Dodd (2006) started a professional application of colored Petri nets for modeling in an avionics mission computer. Then a few works appeared which develop the application of colored Petri nets in the aviation and aerospace industries with modeling a landing detector (Kordon, 2016), auto flight control system (Bourdil et al, 2016) and others.
The authors of this chapter have gained a strong experience in colored Petri nets with teaching them for more than a decade, developing enterprise-level models, and applying them in research projects. The first paper (Zaitsev, 2004) that develops a switched Ethernet model represents a personal record of citation. Note that, the modern avionics protocol AFDX (ARINC, 2009) represents a specialization of a general switched Ethernet technology. Then a series of papers have been published which present models of MPLS networks (Zaitsev & Sakun, 2008), develop a new parametric modeling paradigm (Zaitsev & Shmeleva, 2009), and analyze threats in modern computing grids (Zaitsev et al, 2014) and (Zaitsev et al, 2016). Supplied with the measuring fragments, the technique was presented for the first time in (Zaitsev, 2004) and further developed with recent works, our library of models represents a condensed experience and is distributed via official site of CPN Tools http://cpntools.org.
Key Terms in this Chapter
Multiset: A set of elements supplied with their multiplicities (for example, two books and three pencils).

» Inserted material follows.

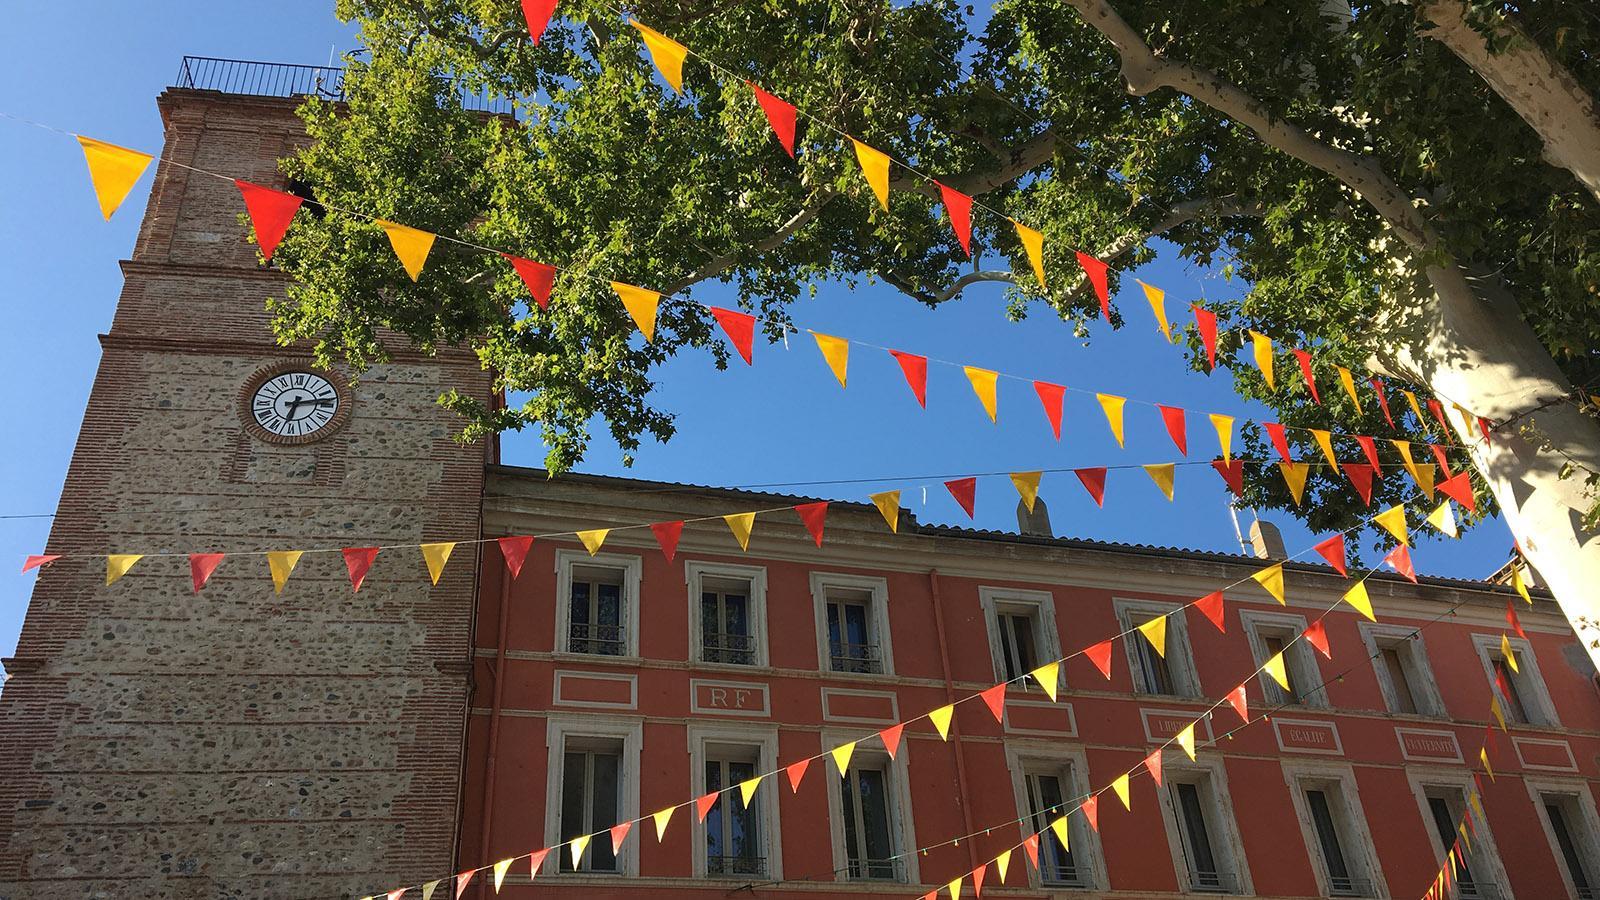 Festlich geschmückt in den Farben des Roussillon: Rivesaltes bei der Fête Babau. Foto: Hilke Maunder

Altitude Switch (ASW): A facility to wake up a device of interest in case the altitude value is less than a given threshold.

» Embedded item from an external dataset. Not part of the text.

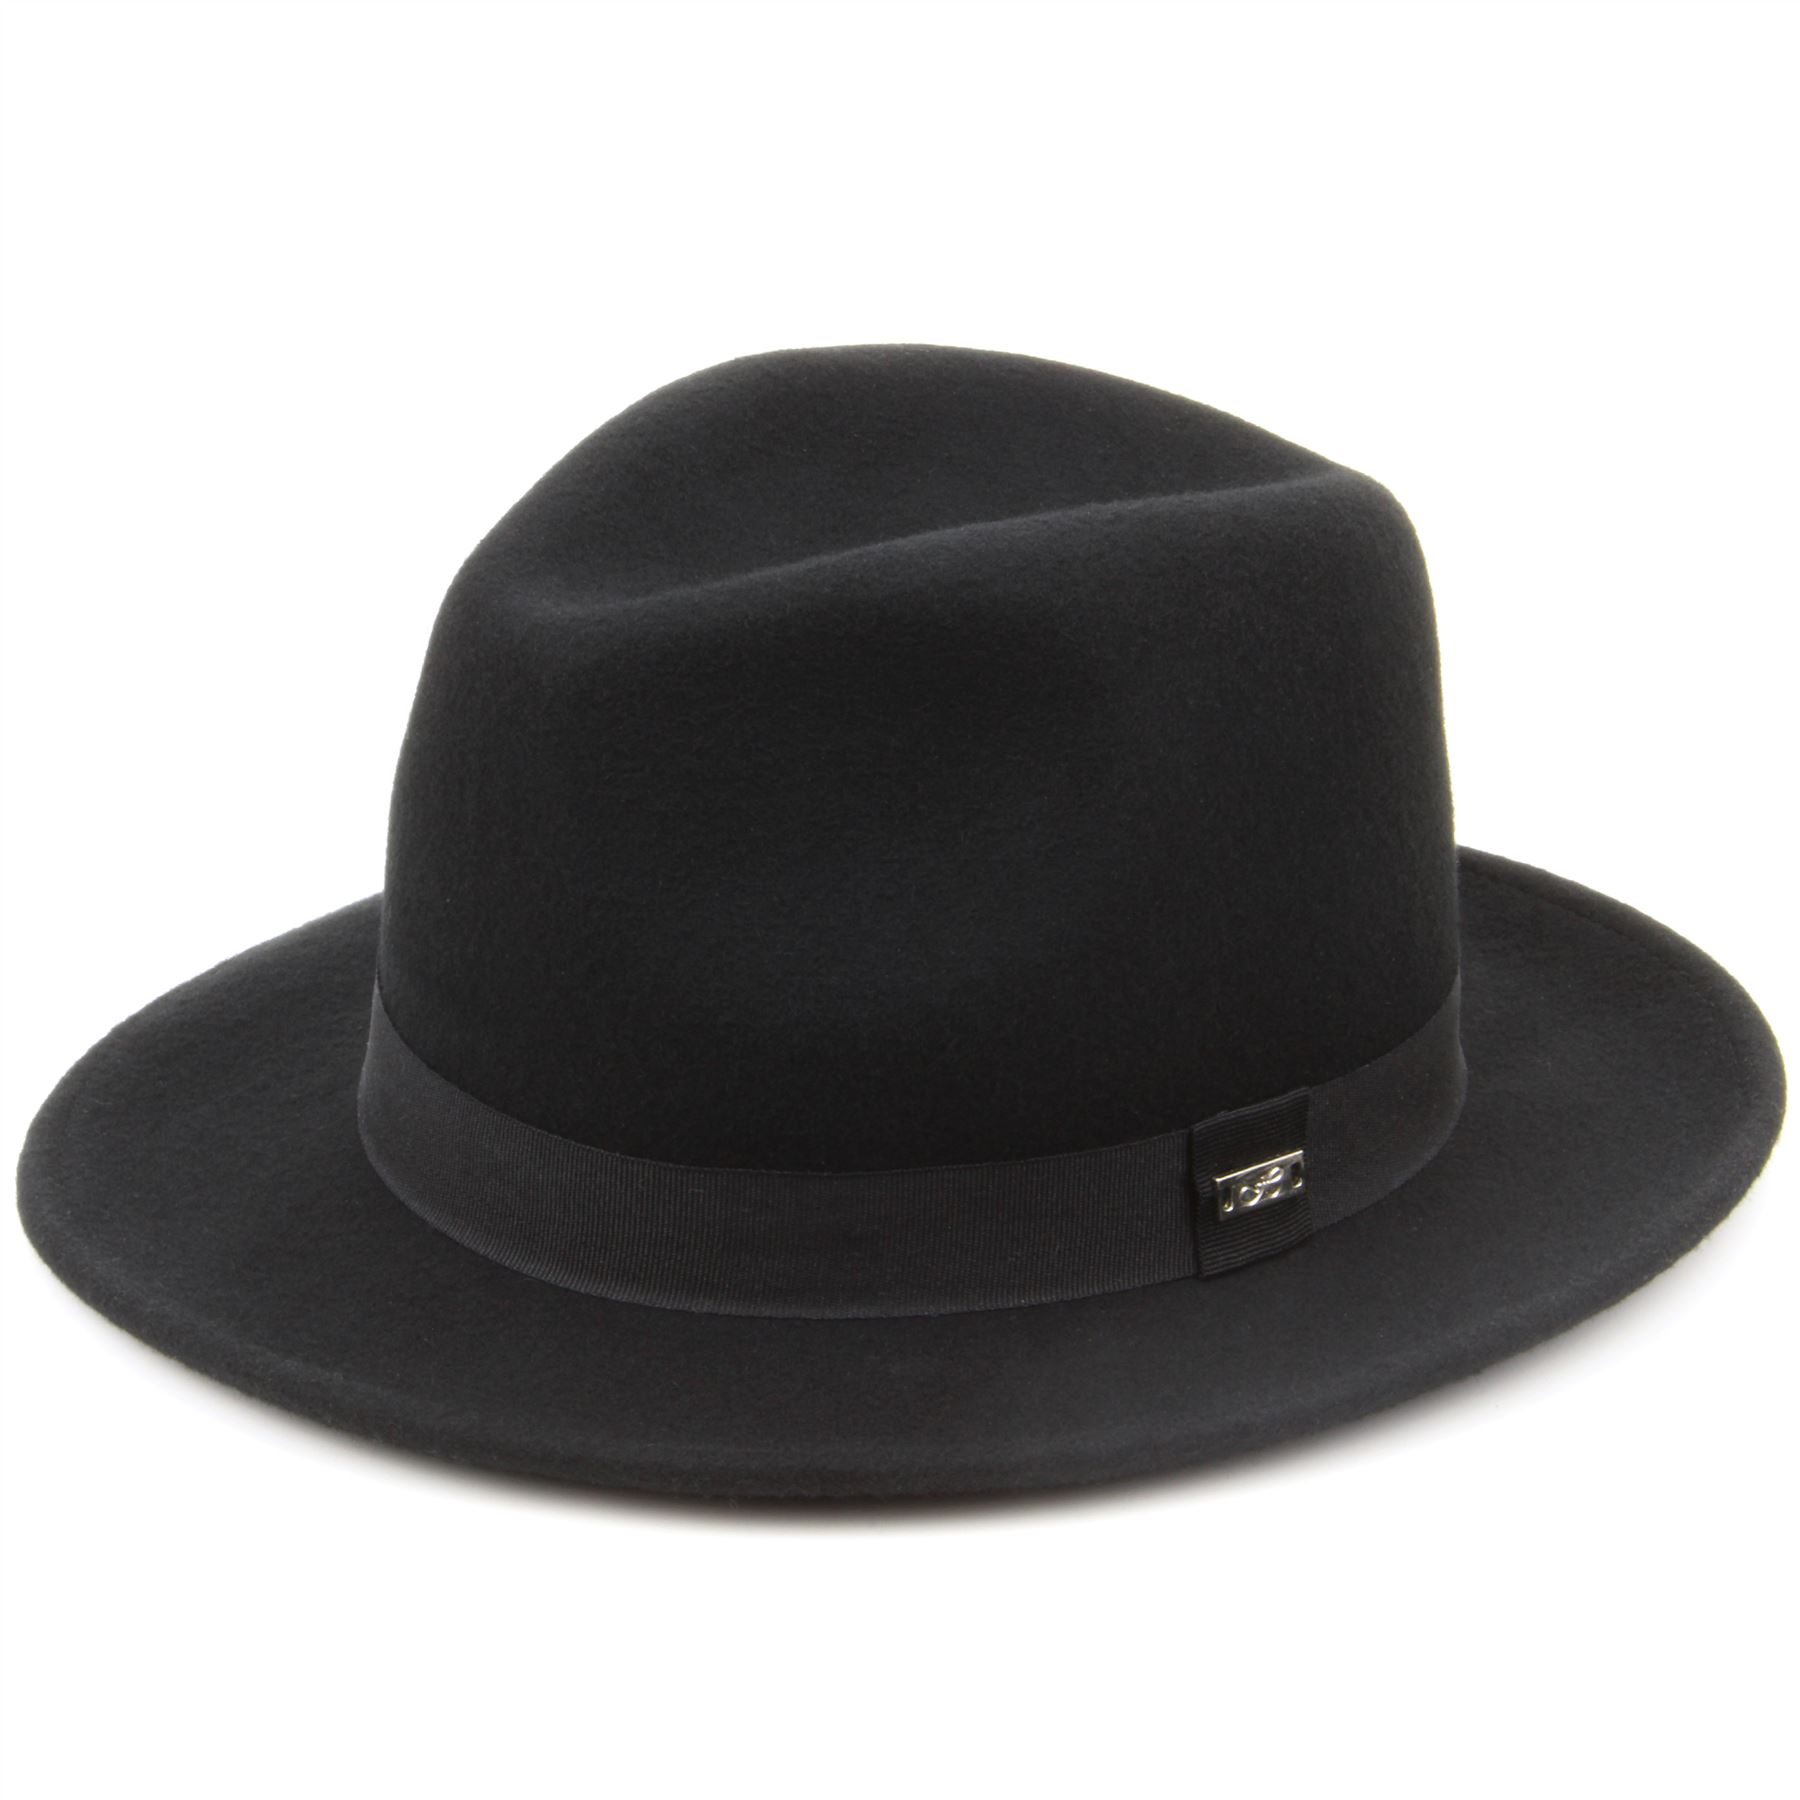 Details about Fedora Hat Trilby Black Hawkins Cap Wool Felt Ladies Men Band  Brim d45957c193b

Measuring Fragment: A part of a colored petri net which calculates statistical characteristics directly in the process of simulation.
Avionics Full-Duplex Switched Ethernet Network (AFDX): A modern standard for avionics data transmission based on switched Ethernet technology.
Airlines Electronic Engineering Committee (ARINC): ARINC-429 is a standard for avionics data transmission based on a point-to-point one-way connection via twisted pair.
Meta Language (ML): A functional programming language.
State Space: A set of valid marking of a petri net and transitions between them.
Colored Petri Net (CPN): A combination of a petri net graph and a functional programming language ML.
Petri Net: A directed bipartite graph with a dynamic process defined on it.